Of course, if there's one thing I've learned about language (from speaking some small to middling amount of 7 different tongues) it is that pronunciation is best left to the speaker.
*peers upthread* Seriously, this is the biggest thread I've ever started... wow you guys, thanks!
KaeYoss |
*peers upthread* Seriously, this is the biggest thread I've ever started... wow you guys, thanks!
This is nothing. One day, some guy complained that the boards were too long. He demanded that threads be cut off after 50 posts or so.
I stopped posting there after 1000 or so replies, and it was still going strong. :D
Marc Radle |
I, along with most of my long time gaming friends, are very firmly in the camp the says Drow rhymes with bow (as in bow and arrow).
To my mind and ears, rhyming Drow with cow just sounds terrible but I think it comes down to what you heard first.
For what it's worth, I attended the D&D camp at Shippensburg University back in the mid 80's as a kid and Frank Mentzer was a guest. I actually asked him this very question.

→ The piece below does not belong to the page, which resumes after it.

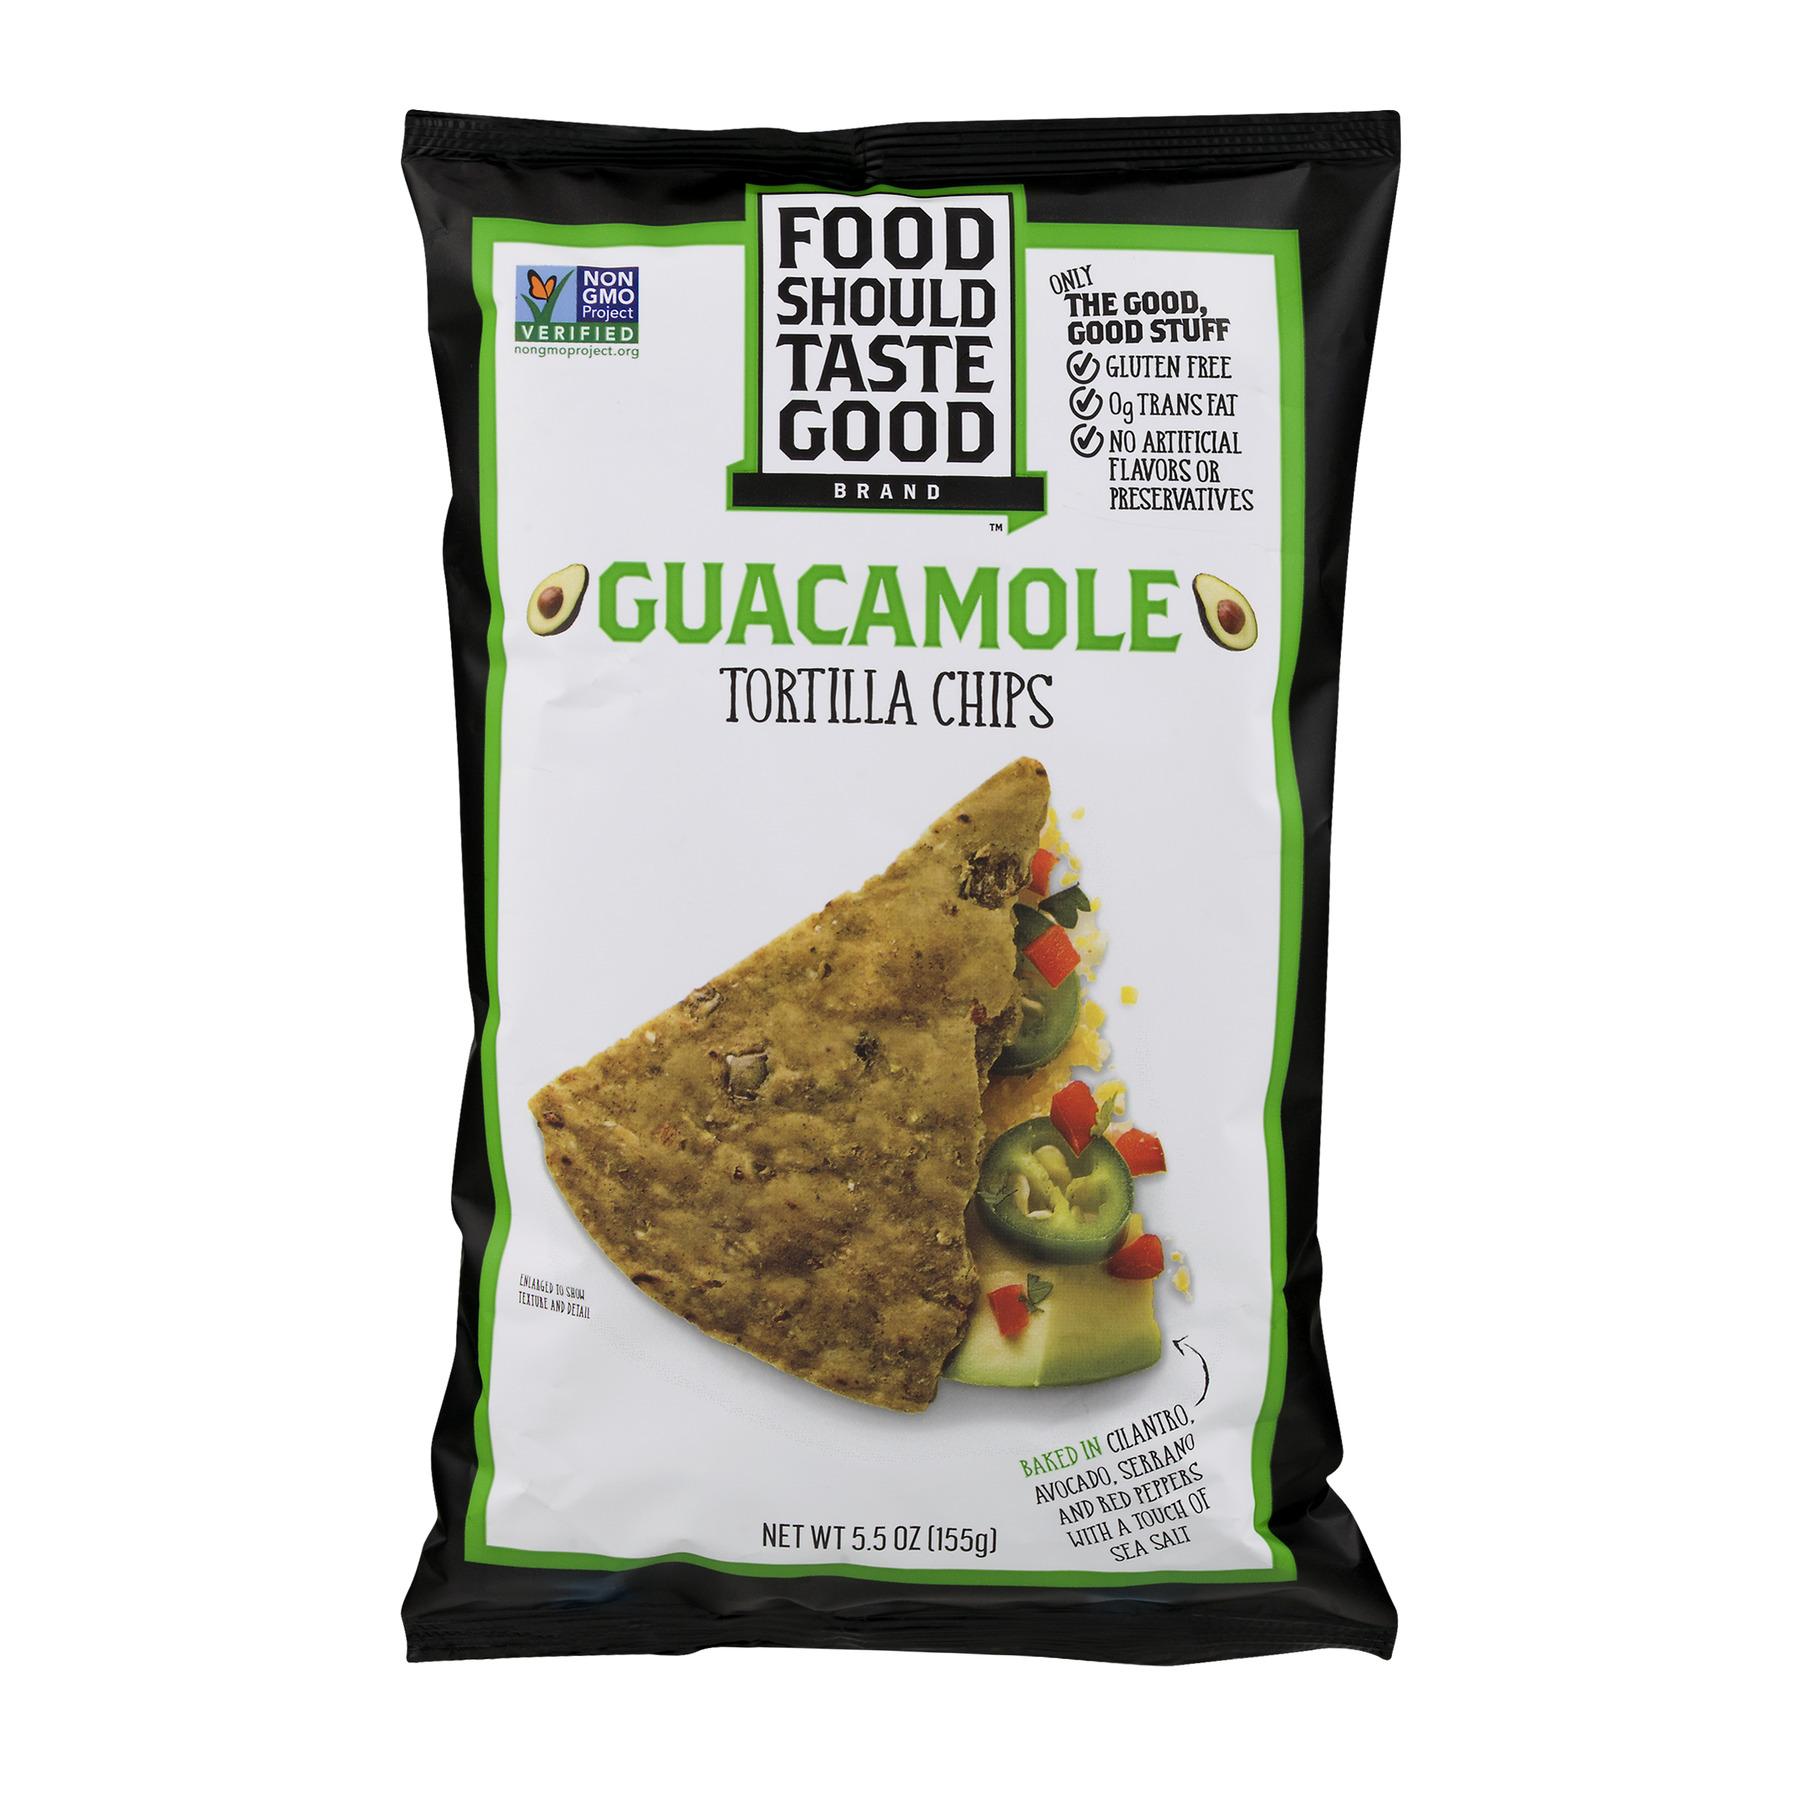 Food Should Taste Good ® Tortilla Chips Gluten Free non - GMO Guacamole 5.5 oz Bag
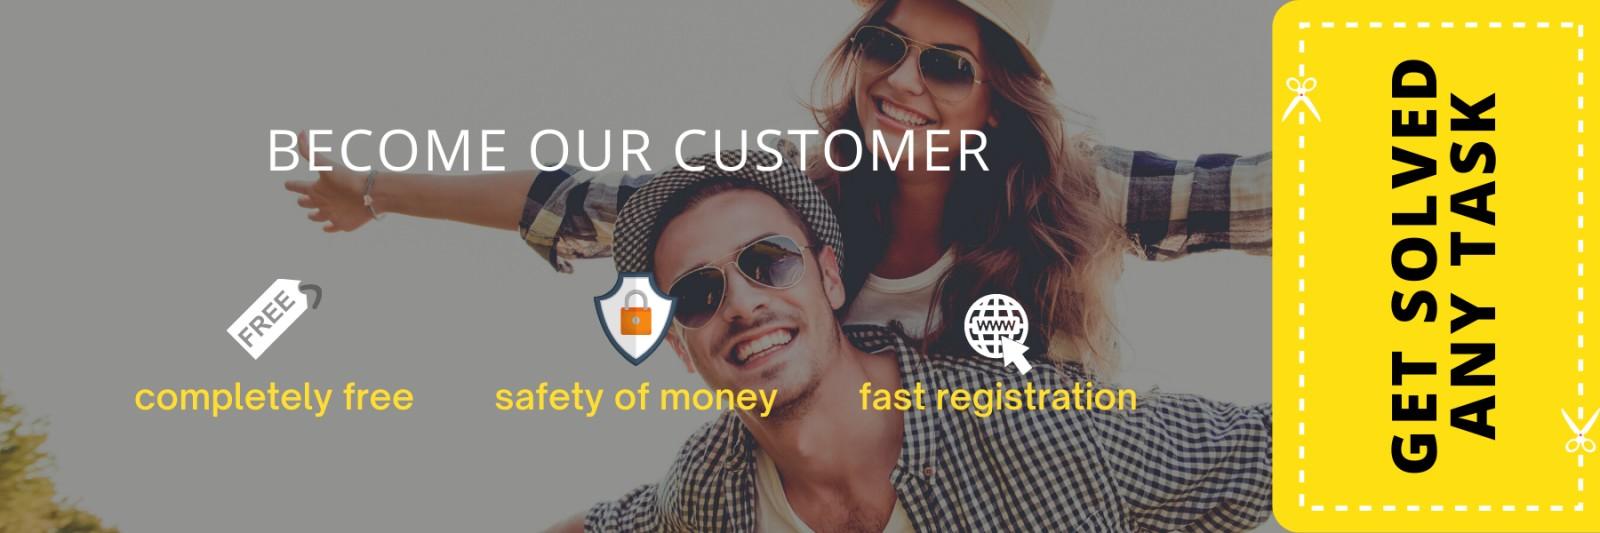 Fee4Bee customer benefits

He said that they pronounced it both ways at TSR but he personally prefered it to rhyme with bow (as in bow and arrow)
Mama Loufing |
My grandfather's surname was Prow, which the family pronounced as rhyming with Crow, so when I first started playing Dnd back in the first edition days, I couldn't have imagined saying drow with an "ow" sound. I still say it with an "oh" sound, and scowl when my players do otherwise. A bit of advice: Never correct the GM's pronunciation.
Laurefindel |
Drow spoken like droh sounds awful.
In English, yes. In German, perhaps. I have found that in french, its the other way around...
But then again, francophones like to alter names. Perseus wasn't good enough, it had to become Persé! Odysseus became Ulysse. Drow might as well be Drow...
Calandra |
I have always said drow (rhymes with crow). I started playing in the 90s and played the tail end of AD&D, but mostly 3.x, and that is how the other players said it. But I decided to give it some thought. I think that the drow might pronounce it differently than elves would.
Take bow (like cow) and bow (like crow), both as verbs.
If you bow (like cow), you are bending yourself or part of yourself (e.g., your head). In a mostly intransitive sense.
If you bow (like crow), you bend something, like your bow from which you will soon fire arrows. A thing can be bowed. It's transitive--needs an object.
So I think the elves would say drow (like crow), seeing the drow as elves who have been bent, by the forces of nature, magic, or evil. But I think the drow would call themselves drow (like cow), seeing themselves not as the victims, but as the ones who chose to live underground and continue to choose their twisted course.
That said, I've said drow (like crow) for so long, it just sounds funny to me to say it a different way.